To demonstrate the effectiveness of our vaccine in targeting multiple cancer types, an experiment was performed using the melanoma cell line B16F0, syngeneic to the C57BL/6 mouse strain. C57BL/6iPSCs were generated (FIG. S2B, D) and 40 mice were again divided into PBS, CpG, iPSC and C+I groups and treated weekly for four weeks. Following this, 5×104 B16F0 cells were subcutaneously injected in the lower back. Tumor growth assessment by caliper measurement showed significantly lower tumor progression by week 2 in the C+I group (FIG. 2C, D; FIG. S3E, F). Due to large tumor sizes in the control groups, the mice were sacrificed two weeks after tumor injection. Afterwards, the immune cell profiles in blood, dLNs, and spleens were analyzed using flow cytometry. Cytometric analysis in the C+I group showed a significant decrease in regulatory T-cells (T-regs) in blood and an increase in effector/memory helper T-cells in the dLNs at two weeks post tumor injections in C57BL/6 mice (FIG. 3A, B), as well as increased percentages of mature antigen presenting cells (APCs) (FIG. 3C).
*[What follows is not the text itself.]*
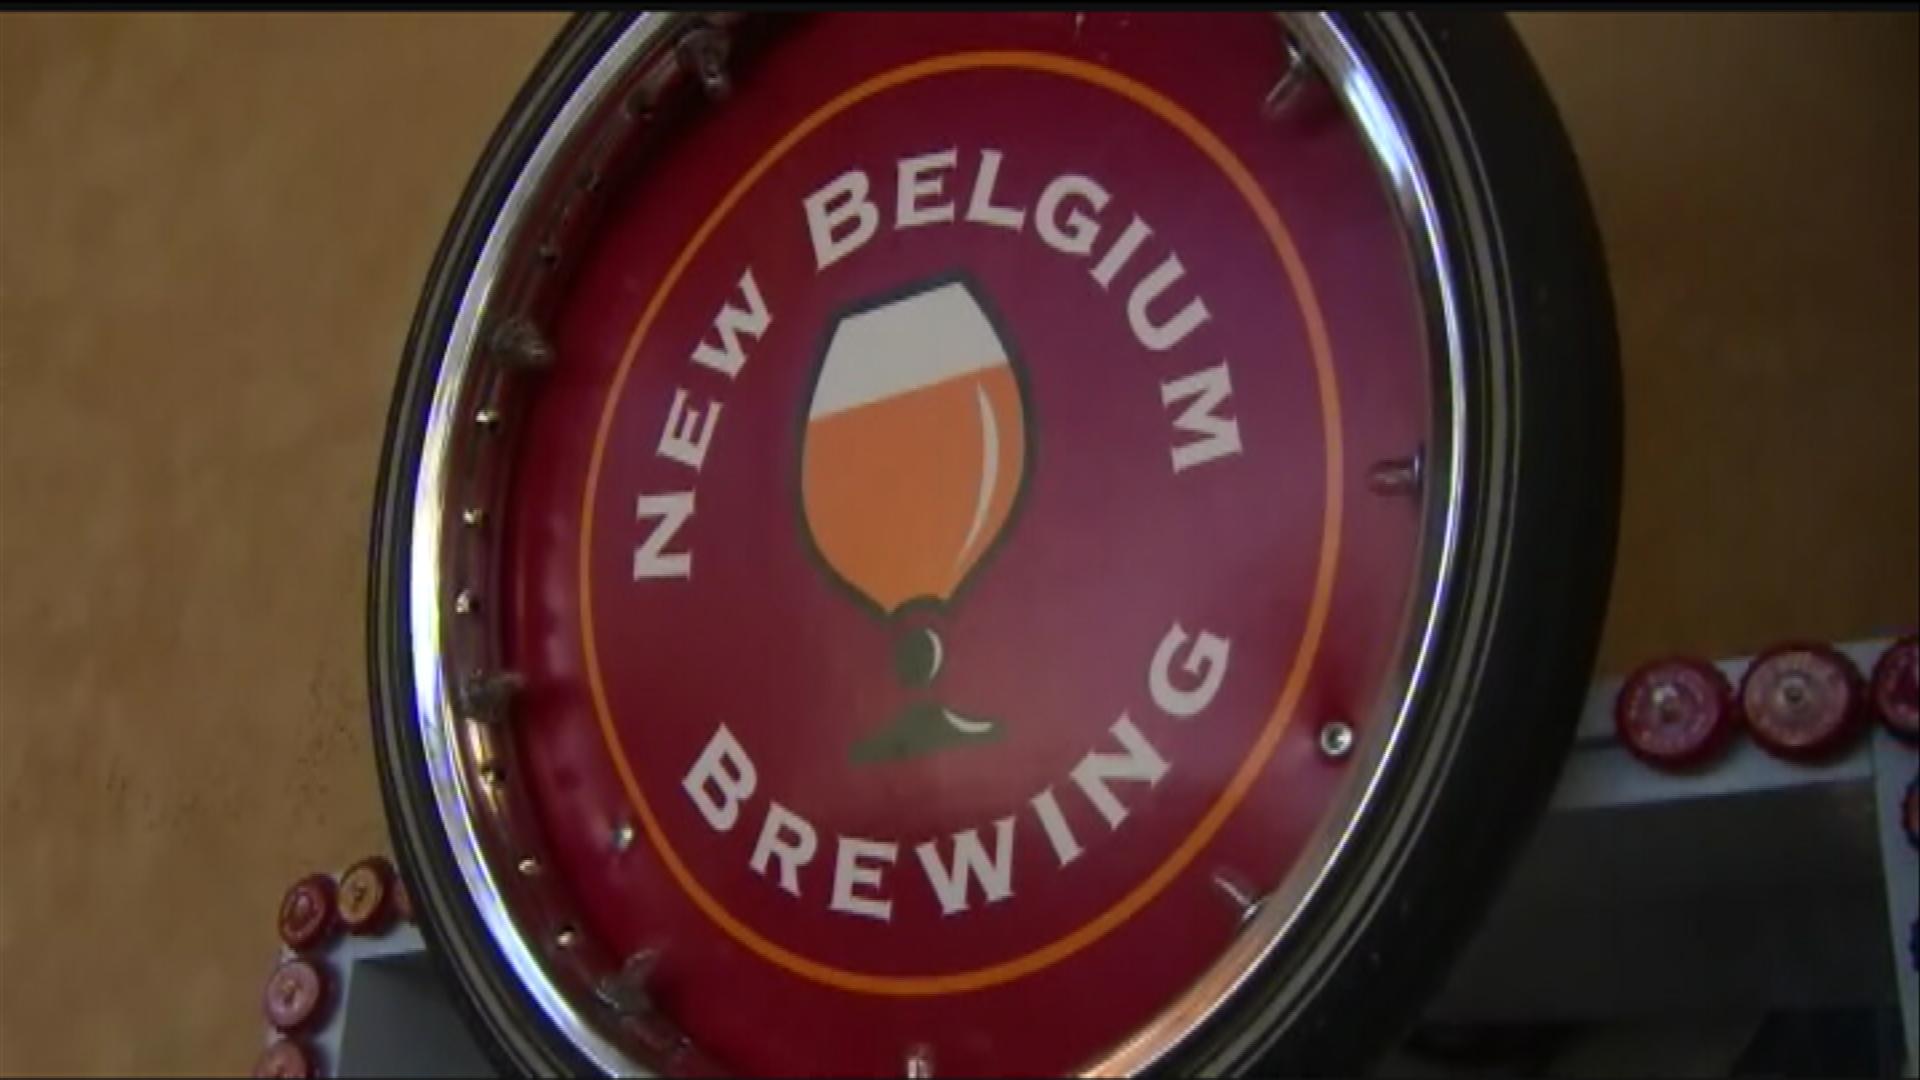 Australian-Based Lion Little World Beverages Acquires New Belgium Brewing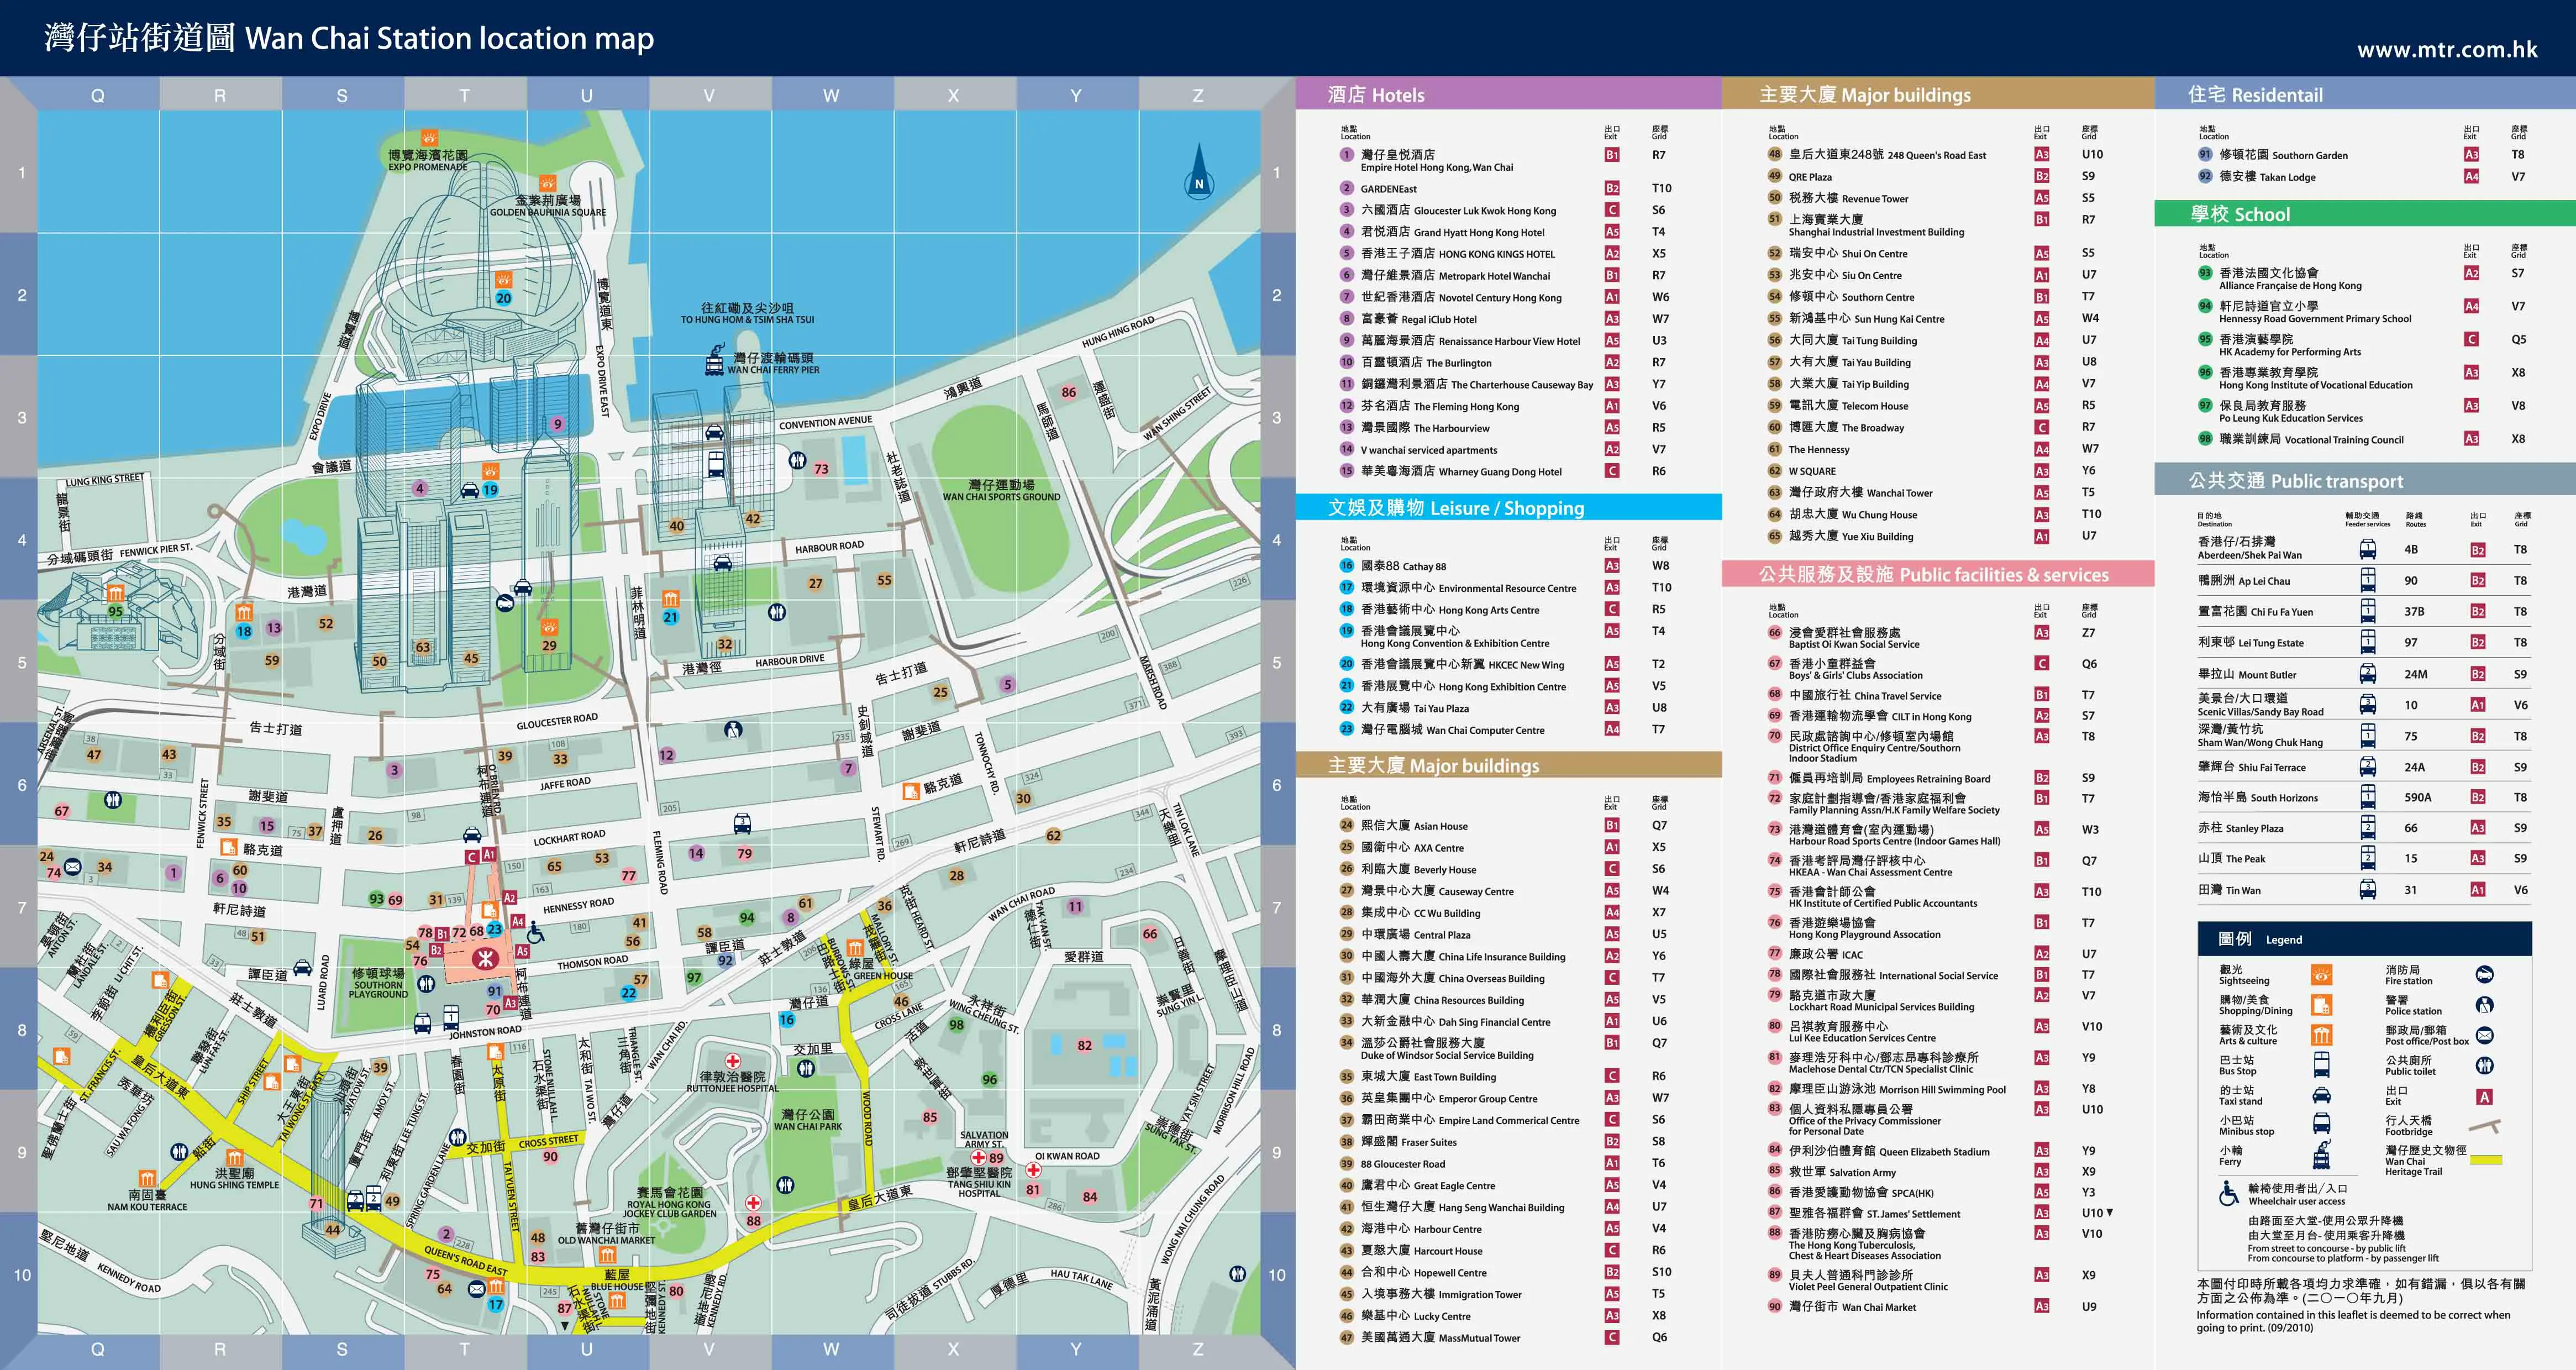 Hong Kong: Wan Chai MTR station area map 2012-2013

At a later stage of tumor rejection (4 weeks), FVB mice in the C+I vaccinated group had significant increases in the effector/memory cytotoxic T-cells in the spleen in addition to their increased frequency in the dLNs (FIG. 3D, F). The tumor-specificity of these cytotoxic T-cells was further confirmed by increased secretion of IFN-γ by splenocytes isolated from C+I vaccinated mice in response to DB7 tumor lysate (FIG. 4A, B, FIG. S4A, B). As with the C57BL/6 mice, upregulation of mature APCs and helper T-cells was also seen in the dLNs of FVB mice (FIG. S4C-F).

Both the C57BL/6 and the FVB mouse strains remained healthy throughout the study and showed no signs of autoimmune responses due to the vaccine (FIG. S7).

The effectiveness of the C+I vaccine was assessed in the more clinically relevant orthotopic model of breast cancer. Significant tumor size differences were seen as early as one week after orthotopic transfer of cancer cells in C+I vaccinated mice compared to vehicle control, followed by further tumor reduction over the course of three weeks (FIG. 4C, E). Using an additional group of orthotopic breast cancer mice, in vivo tumor specificity was tested by adoptively transferring splenocytes from C+I vaccinated or vehicle vaccinated mice into these tumor-bearing mice (FIG. 4D). This resulted in a significant reduction of tumor sizes in the C+I vaccinated group compared to the vehicle vaccinated group (FIG. 4F).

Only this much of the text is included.